I'm not 100% sure but it feels like this type could be successfully instantiated to { new (arg: ""): Foo; }. This is the only signature that matches the given type arguments.

Additional information about the issue

No response

Andarist commented 4 months ago

It just occurred to me... this is very related to https://github.com/microsoft/TypeScript/issues/51694 but currently it's not solved by https://github.com/microsoft/TypeScript/pull/51695

apendua commented 2 months ago

@Andarist

but currently it's not solved by https://github.com/microsoft/TypeScript/pull/51695

Have you tried rebasing it onto latest main? I tried something very similar to your PR on my end and it seems like it's also a valid fix for the issue described here.

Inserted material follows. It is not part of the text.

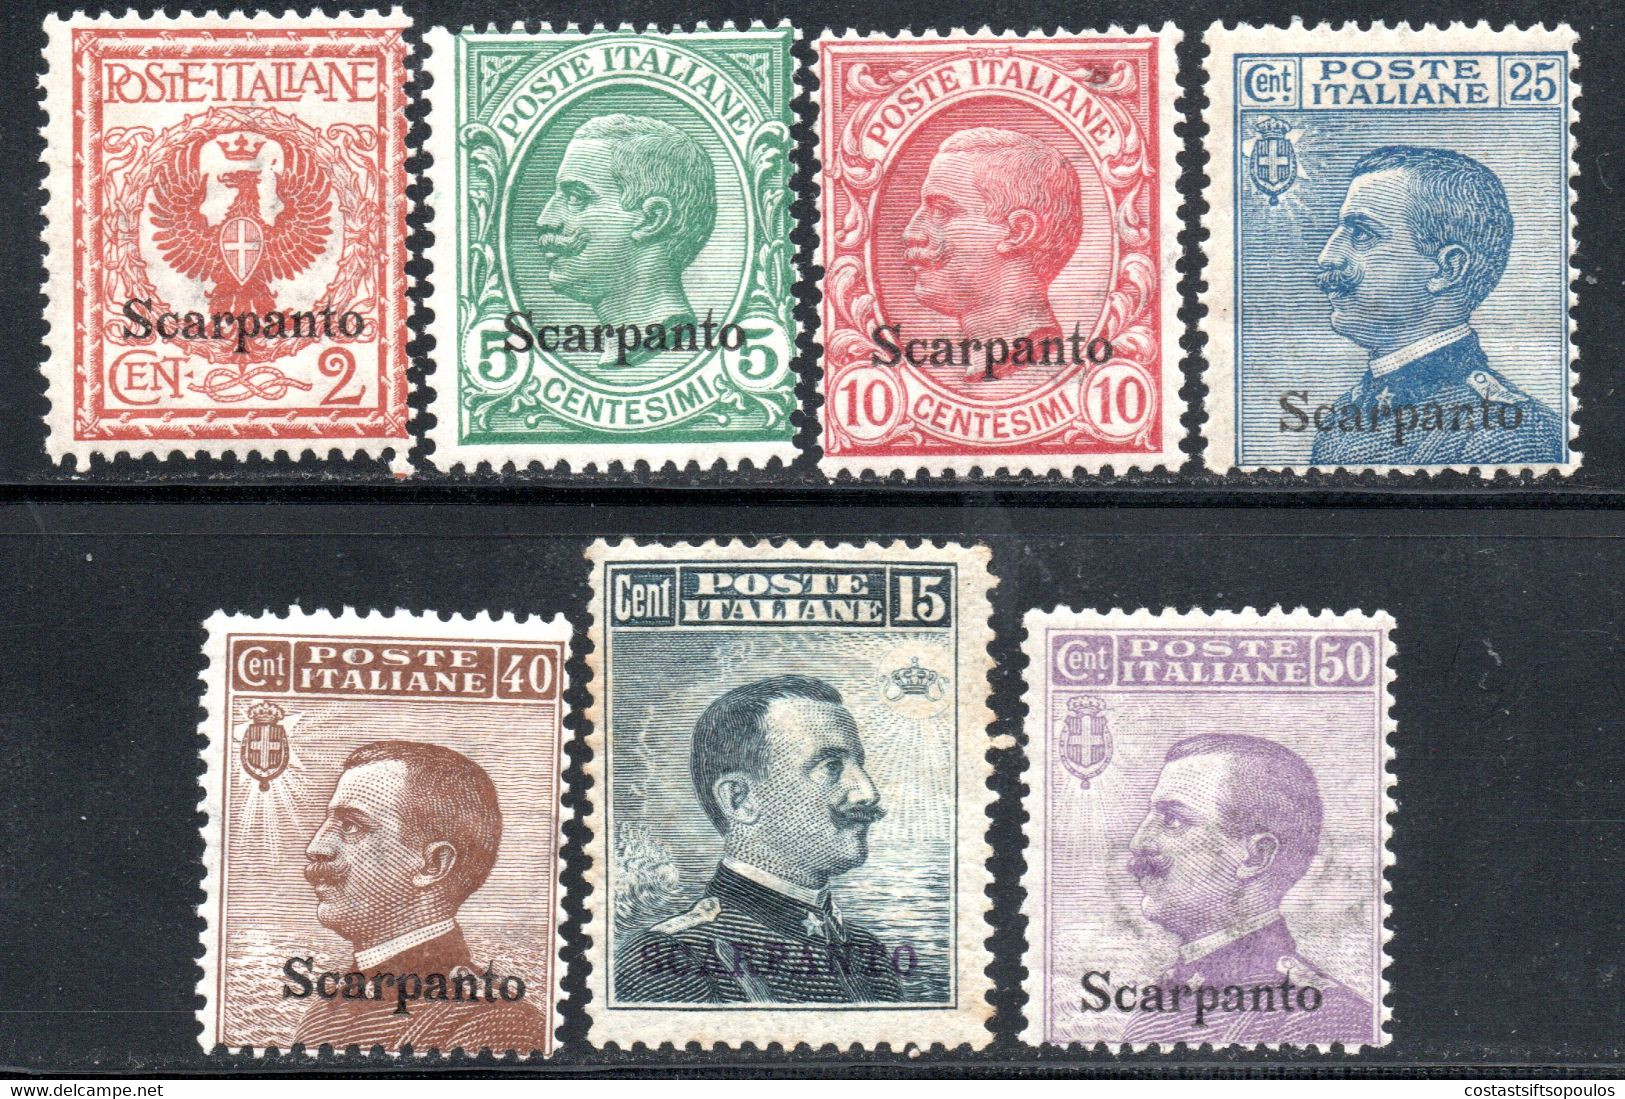 720.GREECE.ITALY,DODECANESE,SCARPANTO,KARPATHOS,1912 #3-9 MLH/MNH(MOSTLY) - Dodecanese

Andarist commented 2 months ago

I can try later but this PR only limits the search within a "group" of signatures. Call and construct signatures are kept separately so it shouldn't change the behavior for this case here without some extra tweaks. IIRC I checked it when posting the comment above.

apendua commented 2 months ago

@Andarist Yeah that makes sense. But I think the reason you're seeing the error in the first place is because the first signature has a "number" type constraint so if it gets filtered out the error goes away.